La seconde catégorie, celle de la victime, s’oppose radicalement à la précédente. Dans ces cas – notamment les dossiers impliquant des mineurs étrangers isolés ou des demandeurs d’asile – les justiciables sont également assignés à une totale passivité qui est en elle-même connotée positivement : l’étranger doit être protégé précisément parce qu’il ne fait que subir son destin – c’est-à-dire ici l’immigration elle-même, soit qu’elle ait été imposée par une persécution, soit qu’elle soit organisée par des parents ou des réseaux criminels pour un mineur irresponsable juridiquement et moralement. Dans ce dernier cas, on peut alors évoquer un véritable « ancrage compassionnel » des débats judiciaires : la perception des jeunes justiciables comme a priori passifs et innocents, éventuellement manipulés par d’autres mais difficilement incriminables eux-mêmes, interdit de développer à leur encontre certains arguments stigmatisants et rend au contraire acceptables des explications qui auraient été rejetées dans le cas d’un majeur. Un jeune mineur, dont la représentante légale admet qu’il a voyagé avec de faux documents car cette solution était la seule dont il disposait, est in fine libéré par la JLD. Cette indulgence est toutefois strictement conditionnée : de même que les juges de la Cour nationale du droit d’asile attendent d’un étranger persécuté en raison de son orientation sexuelle qu’il « ait l’air gay » 12, on attend ici d’un mineur qu’il se conduise en mineur : c’est-à-dire que son attitude corresponde à l’innocence supposée d’un enfant, incapable de stratégie. Le trouble surgit dès lors dans les cas limites – ceux des jeunes qui affirment avoir 17 ans – où la minorité même demeure incertaine et où l’âge des justiciables laisse supposer qu’ils sont à la fois majeurs et suffisamment stratèges pour le dissimuler et inscrire leur mensonge dans un projet plus large d’immigration irrégulière vers l’Europe 13.

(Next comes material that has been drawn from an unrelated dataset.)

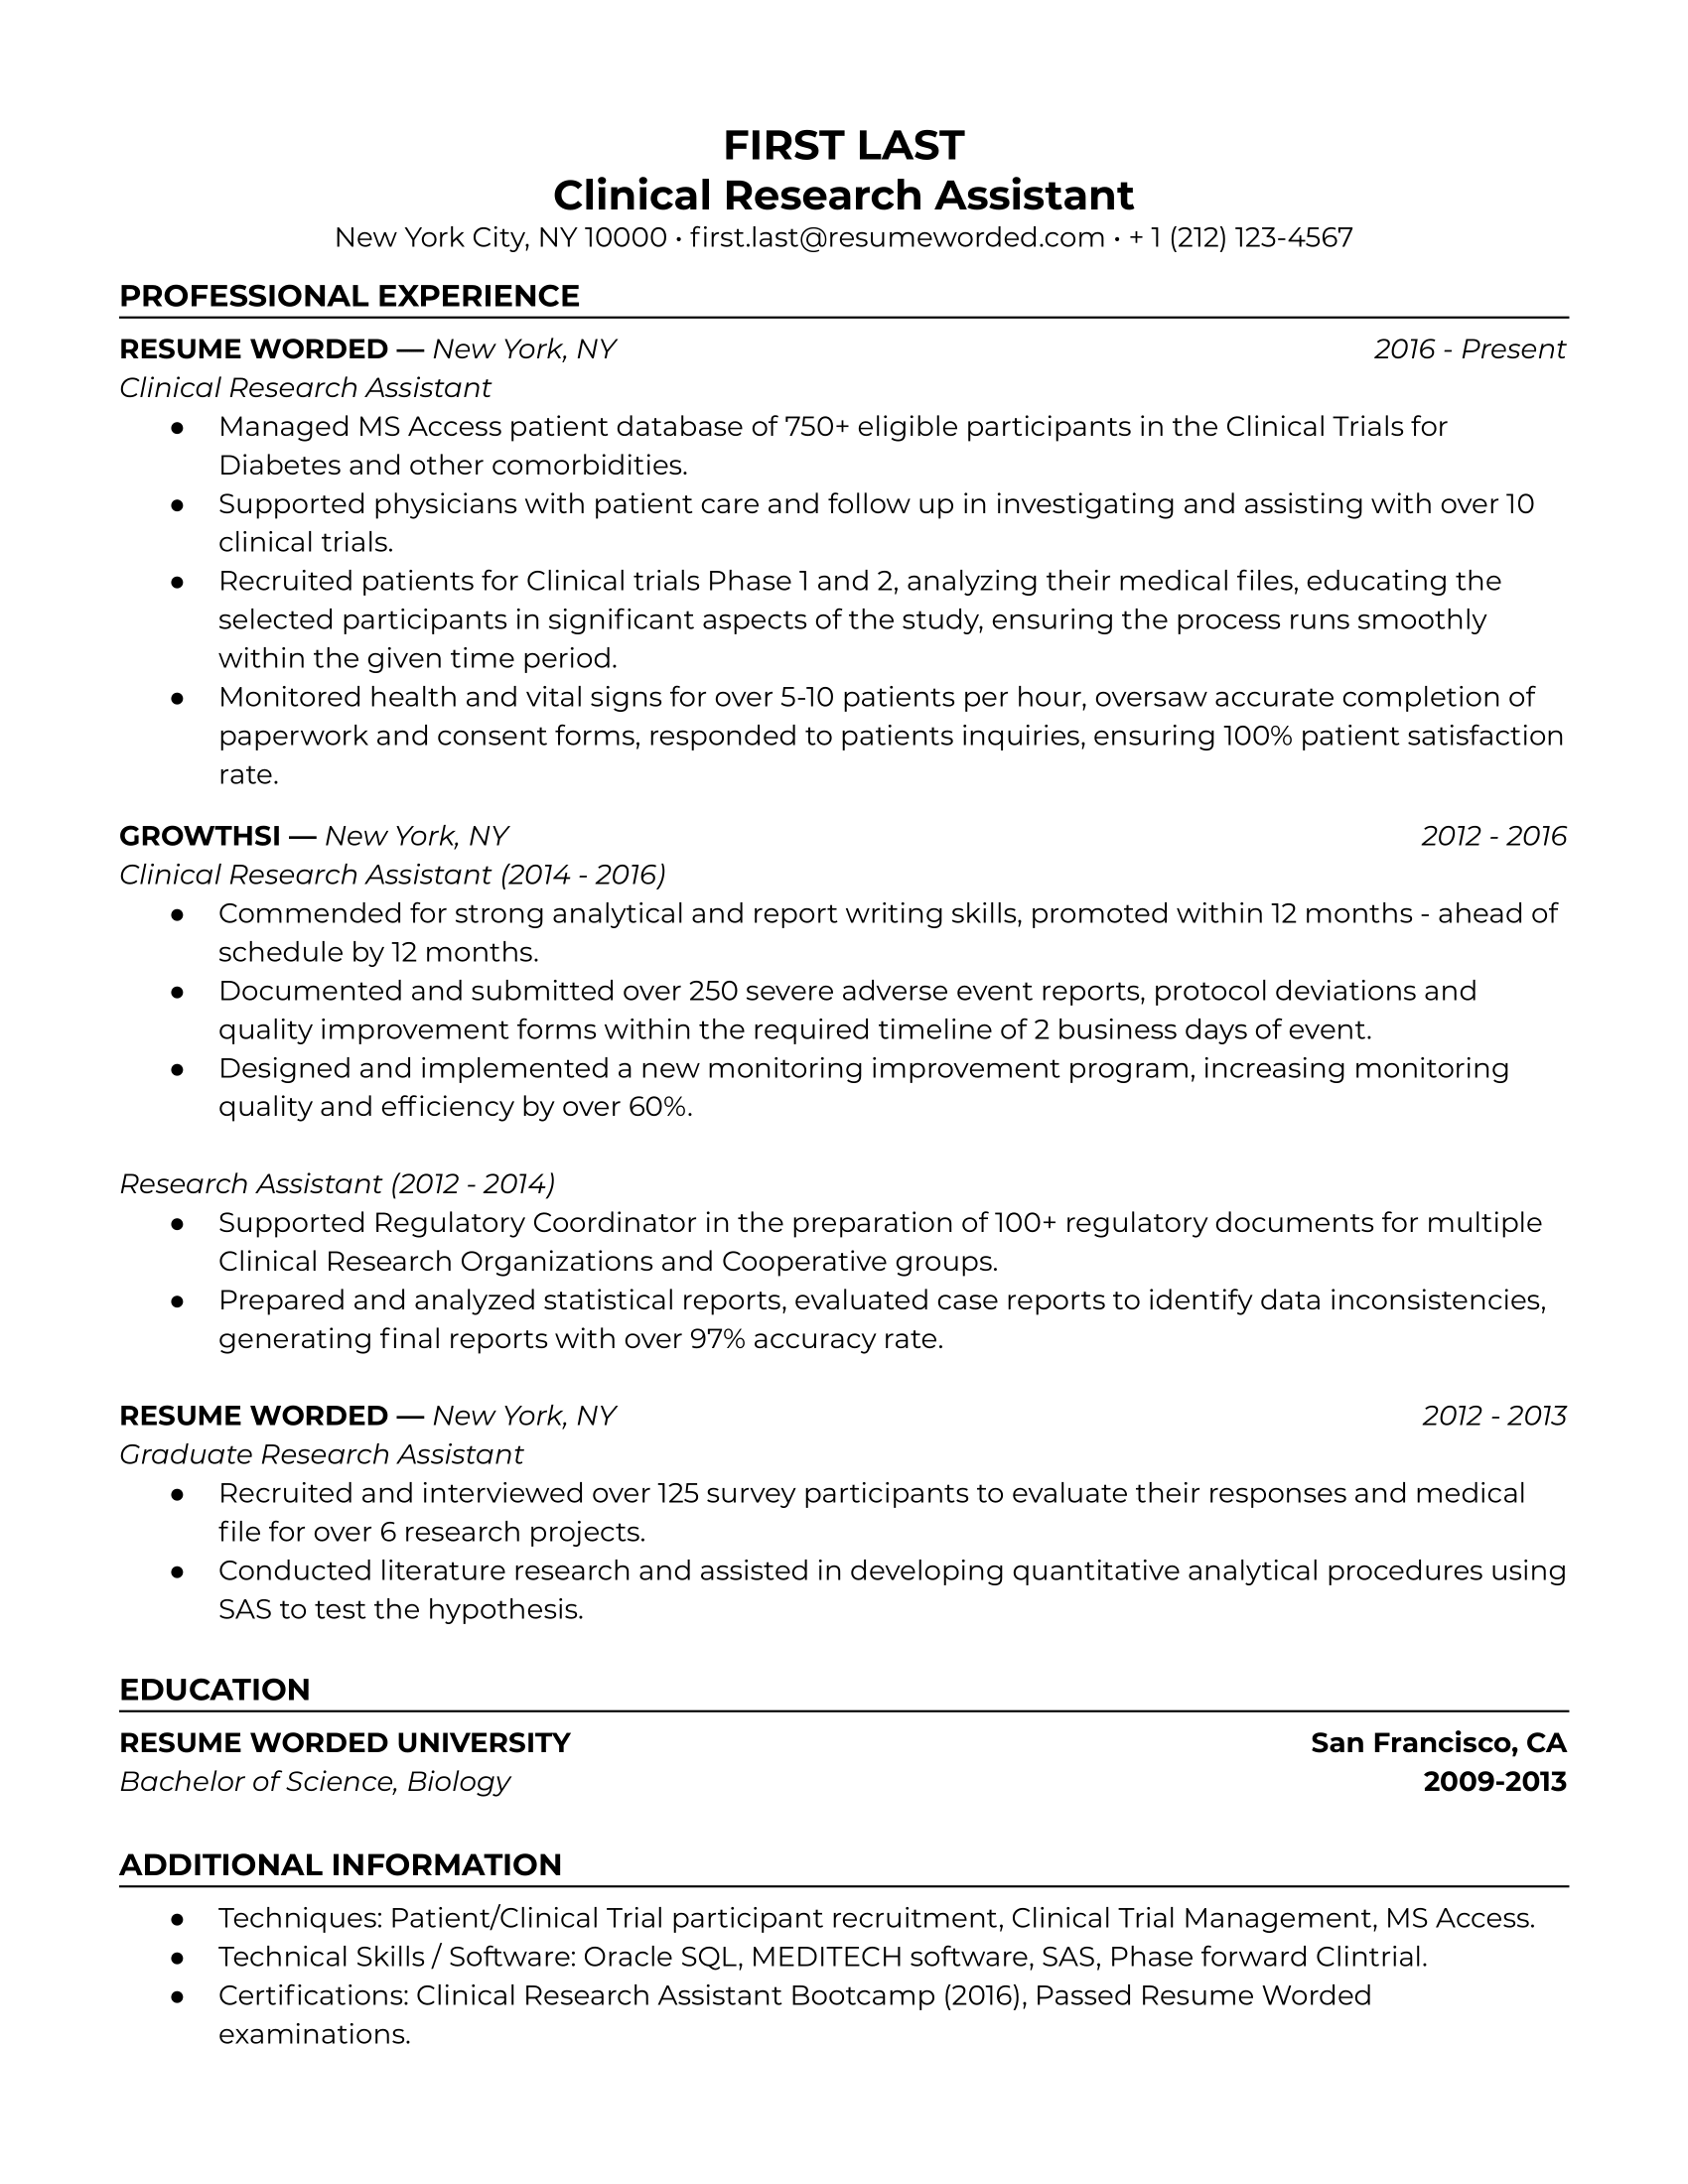 CV of a Clinical Research Assistant showcasing relevant skills and experiences.

La troisième et dernière catégorie est celle des touristes. Dans ces cas, c’est la qualification elle-même qui est en jeu : les étrangers affirment se rendre en France ou en Europe pour visiter le pays ou la famille qui y est installée. Pour les policiers qui les ont contrôlés, ils sont toutefois avant tout dépourvus des documents qui leur permettraient l’entrée sur le territoire, sans fournir par ailleurs d’explication valable à ce sujet – raison pour laquelle ils ont requalifié le séjour touristique allégué en tentative d’entrée irrégulière dans l’espace Schengen. L’examen de leur dossier à l’audience constitue donc plus que jamais une épreuve de vérité où ces deux qualifications – touriste ou migrant irrégulier – sont mises en balance. Là encore, l’enjeu est bel et bien de déterminer si les étrangers appartiennent à la « clientèle policière » stigmatisée ou s’il s’agit de personnes exerçant légitimement leur droit d’entrer sur le territoire – qui seraient tout à la fois respectables et outrageusement blessées par le soupçon qu’on fait peser sur elles. Ici aussi, la trajectoire et la position des magistrates se conjuguent avec la situation des migrants pour donner une issue spécifique à chaque dossier : l’ancienne juge d’instruction voit plus volontiers les étrangers comme des délinquants ou des trafiquants si leur récit est flou.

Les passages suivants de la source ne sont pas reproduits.